My dad recently "gifted" me a very old iMac (device model: A1311) running software version Mac OS X 10.6.8, better known as Snow Leopard. Before repurposing it for God knows what, he asked that I wipe the computer. No problem, right? After all, this is very easy to do on more modern versions of MacOS. Since Snow Leopard was the last major release to not come with a recovery partition, the options are Internet Recovery or to boot off the Snow Leopard DVD, which I just happen to have. I tried to boot into recovery mode over and over and the iMac just spits out the disc on boot (throws me right to the login screen). Eventually, it gave me something different but altogether less helpful: a blank white screen. Nothing material changed to cause such a dramatic difference at boot. No new hardware; it didn't get moved or dropped, nothing.

So this is where I am at now: a blank white screen. There's no indication that anything is wrong with the hard drive (no blinking folder with a question mark, no sad Mac, no clicking sound) but then again, it isn't doing anything to indicate that anything is going well. A PRAM reset is possible (three chimes) but upon release I still have a white screen. DVD is still getting spit out after 10 seconds or so after boot. Single user mode won't work either. Booting from disc (Command + C) also yields nothing.

At this point it's more a me vs. the computer situation but I was wondering if any of you fine, smart people had any ideas for how to defeat this boss. I'll admit being slightly rusty with legacy OS X so maybe there's something I've just forgotten that is a quick fix. Either way, thanks for reading.

  • 1
    If memory serves me correct Snow Leopard may have had two discs. Check the labeling that you have the right one (Disc-1 or Install or some such). If you have another Mac you can check the disc(s) to verify they are readable. Also I believe that the option key will allow you to select a boot device. What does that show? Commented Sep 17, 2023 at 23:19
  • Does the iMac boot at all, in its existing state?
    – IconDaemon
    Commented Sep 17, 2023 at 23:48

1 Answer 1


According to everymac.com, the model number A1311 covers the 21.5-inch iMacs given in the table below.

Date Pre-Installed OS X Maximum macOS Internet Recovery Capable Standard RAM
Late 2009 10.6.1 (10A2155) 10.13.6 No 4 GB
Mid-2010 10.6.3 (10D2322a) 10.13.6 Requires Firmware Update 4 GB
Mid-2011 10.6.6 (10J4026) 10.13.6 Requires Firmware Update 4 GB
Late 2011 10.7.2 (11C40) 10.13.6 Yes 2 GB

A few comments:

  • Only the first three can run OS X 10.6.8. So, your Mac cannot be a Late 2011 model.
  • If you cannot boot to Internet Recovery, then either your Mac is not capable or has not had the firmware upgrade.
  • None of Macs can boot from the original Snow Leopard 10.6 DVD. This is a single dual layer (DL) DVD and is shown below.

snow leopard dvd

You could create a Lion or newer compatible OS X/macOS USB flash drive installer, boot from the flash drive, then wipe the Mac.

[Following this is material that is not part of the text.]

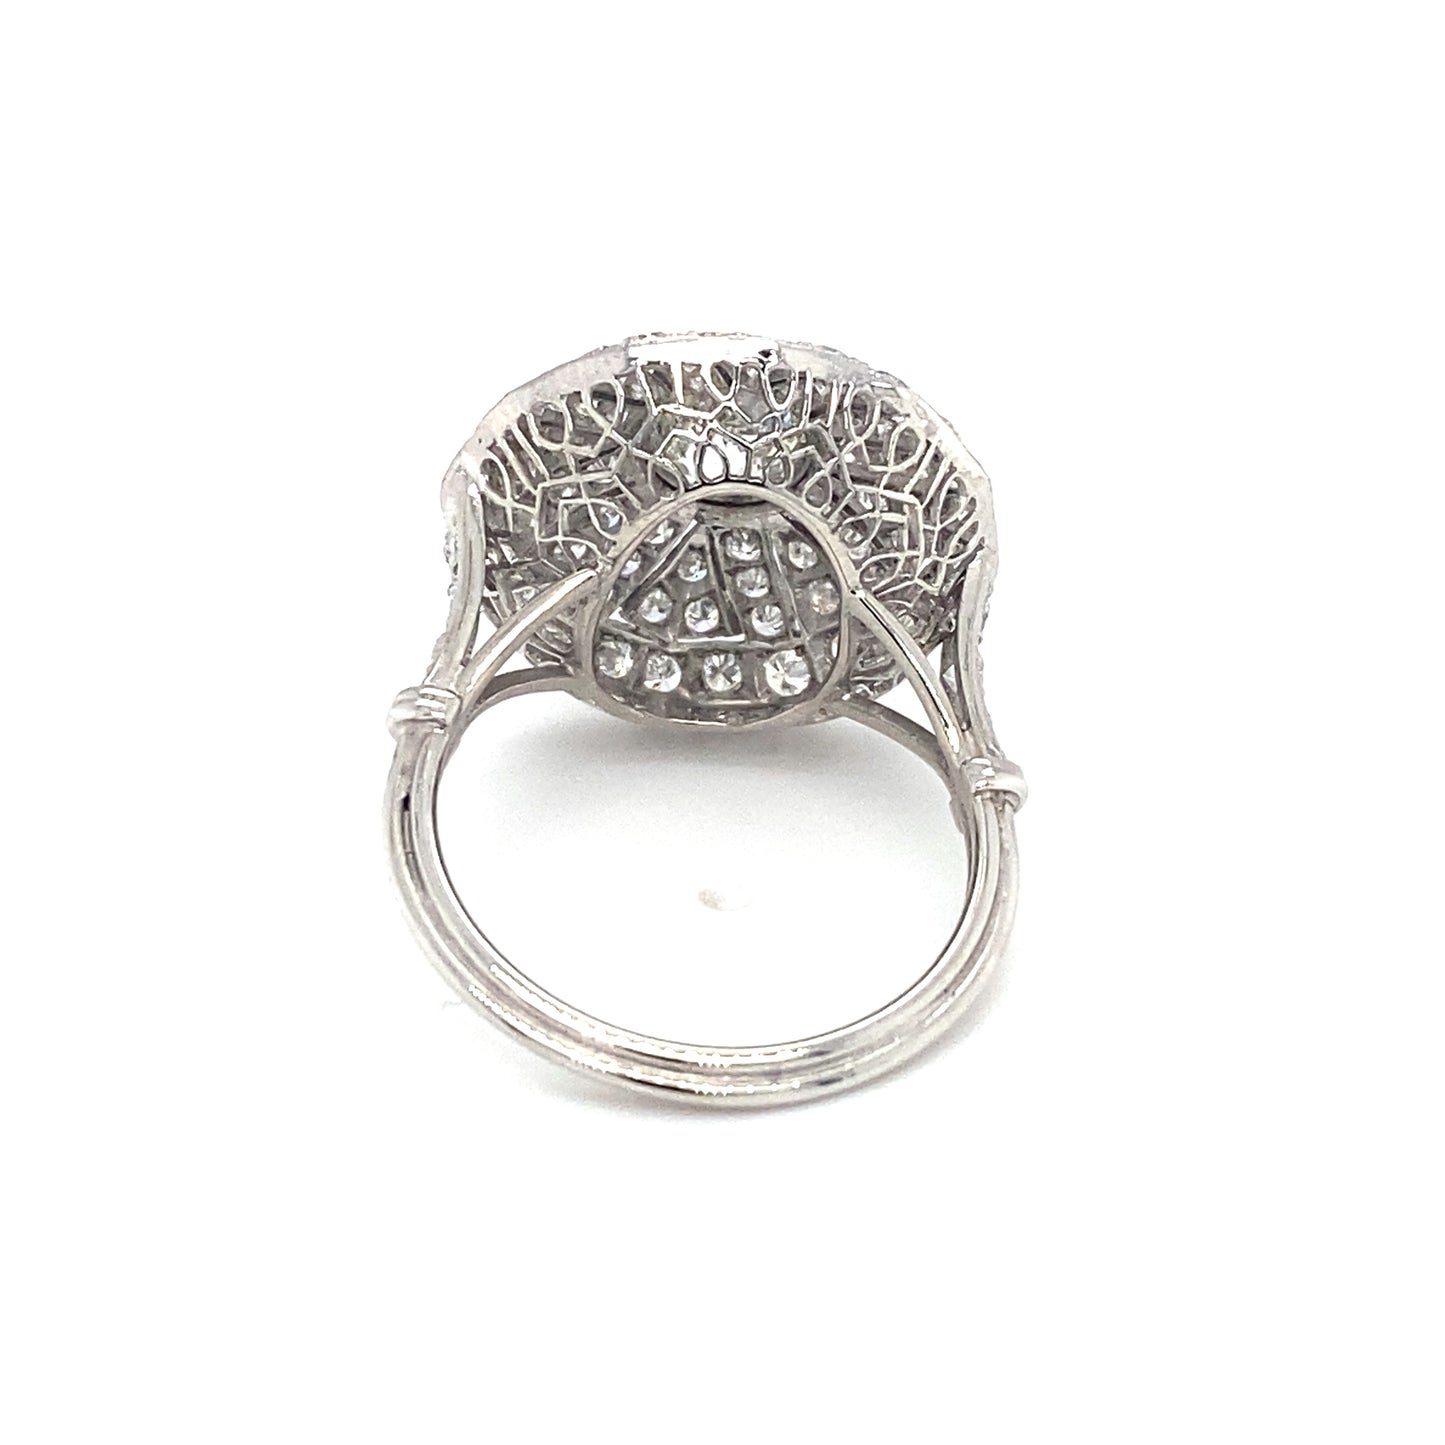 Circa 1930s Art Deco 1.99CTW Diamond Princess Cocktail Ring in Platinum

See the question How can I download an older version of OS X/macOS?

Does the Mac currently boot to Snow Leopard 10.6.8? Do you have any other machines running OS X/macOS or Windows that you could use to make a flash drive?

Since the newest macOS available for your Mac is High Sierra (which is fairly old) and a Windows install would require a purchase, you might consider installing a Linux such as Ubuntu. Your Mac should meet the recommended system requirements. Perhaps a bootable USB Live Ubuntu flash drive could be used to wipe the internal drive.